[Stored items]
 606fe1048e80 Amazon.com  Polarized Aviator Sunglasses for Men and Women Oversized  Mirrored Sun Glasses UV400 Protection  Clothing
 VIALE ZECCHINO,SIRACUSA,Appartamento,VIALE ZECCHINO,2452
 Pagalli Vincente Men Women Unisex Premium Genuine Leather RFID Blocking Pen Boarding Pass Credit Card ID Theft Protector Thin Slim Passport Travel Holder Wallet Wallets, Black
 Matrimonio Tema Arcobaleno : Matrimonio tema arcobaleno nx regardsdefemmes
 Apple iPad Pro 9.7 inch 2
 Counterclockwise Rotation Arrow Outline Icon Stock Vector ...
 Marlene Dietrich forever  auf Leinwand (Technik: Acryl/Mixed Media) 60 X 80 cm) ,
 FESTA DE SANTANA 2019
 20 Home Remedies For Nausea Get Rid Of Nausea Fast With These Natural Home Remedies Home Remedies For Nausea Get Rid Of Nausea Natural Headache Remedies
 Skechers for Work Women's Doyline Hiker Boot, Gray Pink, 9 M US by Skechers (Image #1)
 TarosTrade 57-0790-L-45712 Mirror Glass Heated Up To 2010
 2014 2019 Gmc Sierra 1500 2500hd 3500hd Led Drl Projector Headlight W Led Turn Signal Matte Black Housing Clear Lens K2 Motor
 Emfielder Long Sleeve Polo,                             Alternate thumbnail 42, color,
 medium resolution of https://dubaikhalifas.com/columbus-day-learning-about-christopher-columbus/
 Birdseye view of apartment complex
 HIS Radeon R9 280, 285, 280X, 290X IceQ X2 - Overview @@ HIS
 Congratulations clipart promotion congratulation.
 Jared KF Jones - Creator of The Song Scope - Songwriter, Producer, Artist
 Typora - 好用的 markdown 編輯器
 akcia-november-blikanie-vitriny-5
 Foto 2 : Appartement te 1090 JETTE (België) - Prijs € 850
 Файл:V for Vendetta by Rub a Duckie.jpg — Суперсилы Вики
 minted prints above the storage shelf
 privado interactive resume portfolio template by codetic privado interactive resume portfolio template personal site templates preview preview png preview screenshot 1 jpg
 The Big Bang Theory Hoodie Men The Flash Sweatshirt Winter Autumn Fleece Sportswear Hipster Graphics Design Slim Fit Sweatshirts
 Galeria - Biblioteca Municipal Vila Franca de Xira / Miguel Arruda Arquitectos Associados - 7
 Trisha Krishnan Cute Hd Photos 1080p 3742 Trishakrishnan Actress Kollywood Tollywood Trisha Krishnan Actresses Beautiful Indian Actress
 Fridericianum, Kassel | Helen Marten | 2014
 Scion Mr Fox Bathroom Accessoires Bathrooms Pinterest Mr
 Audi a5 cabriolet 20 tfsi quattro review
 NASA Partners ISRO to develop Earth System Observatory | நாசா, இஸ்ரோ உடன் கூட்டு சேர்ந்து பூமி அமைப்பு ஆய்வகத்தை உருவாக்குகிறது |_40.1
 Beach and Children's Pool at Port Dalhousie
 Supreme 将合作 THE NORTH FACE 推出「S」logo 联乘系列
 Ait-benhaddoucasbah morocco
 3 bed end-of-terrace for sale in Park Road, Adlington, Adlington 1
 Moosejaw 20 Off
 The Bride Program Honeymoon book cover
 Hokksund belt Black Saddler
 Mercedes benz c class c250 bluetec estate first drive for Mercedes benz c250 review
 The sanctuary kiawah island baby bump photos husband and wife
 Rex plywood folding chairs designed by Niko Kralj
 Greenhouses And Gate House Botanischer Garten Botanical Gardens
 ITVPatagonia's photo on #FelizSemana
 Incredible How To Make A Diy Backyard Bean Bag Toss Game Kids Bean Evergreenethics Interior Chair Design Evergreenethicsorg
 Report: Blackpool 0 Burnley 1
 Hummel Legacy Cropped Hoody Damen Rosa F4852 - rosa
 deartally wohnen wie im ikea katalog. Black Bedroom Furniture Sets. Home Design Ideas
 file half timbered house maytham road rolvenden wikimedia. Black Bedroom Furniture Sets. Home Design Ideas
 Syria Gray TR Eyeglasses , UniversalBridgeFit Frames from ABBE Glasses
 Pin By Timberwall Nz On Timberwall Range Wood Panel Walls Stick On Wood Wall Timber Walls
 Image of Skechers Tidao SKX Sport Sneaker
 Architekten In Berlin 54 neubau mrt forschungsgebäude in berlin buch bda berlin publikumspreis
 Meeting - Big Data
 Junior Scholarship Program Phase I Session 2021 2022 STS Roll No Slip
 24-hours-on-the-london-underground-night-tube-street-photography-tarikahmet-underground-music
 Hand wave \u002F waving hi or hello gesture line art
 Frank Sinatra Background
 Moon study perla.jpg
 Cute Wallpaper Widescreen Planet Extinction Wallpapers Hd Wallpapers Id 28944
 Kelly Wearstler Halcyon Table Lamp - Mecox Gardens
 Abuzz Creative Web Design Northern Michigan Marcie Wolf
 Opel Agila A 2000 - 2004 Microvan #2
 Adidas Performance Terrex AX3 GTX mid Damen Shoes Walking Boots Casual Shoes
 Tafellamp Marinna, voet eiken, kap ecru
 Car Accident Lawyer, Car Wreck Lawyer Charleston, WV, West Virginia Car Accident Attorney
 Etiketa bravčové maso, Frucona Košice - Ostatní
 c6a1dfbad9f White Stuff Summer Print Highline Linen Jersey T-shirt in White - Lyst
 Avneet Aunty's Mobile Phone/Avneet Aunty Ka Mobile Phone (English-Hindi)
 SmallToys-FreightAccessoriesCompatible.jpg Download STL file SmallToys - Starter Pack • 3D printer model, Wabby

■ Task objective: Show every line from the entries above in which "Furniture" appears.

■ Your response:
 deartally wohnen wie im ikea katalog. Black Bedroom Furniture Sets. Home Design Ideas
 file half timbered house maytham road rolvenden wikimedia. Black Bedroom Furniture Sets. Home Design Ideas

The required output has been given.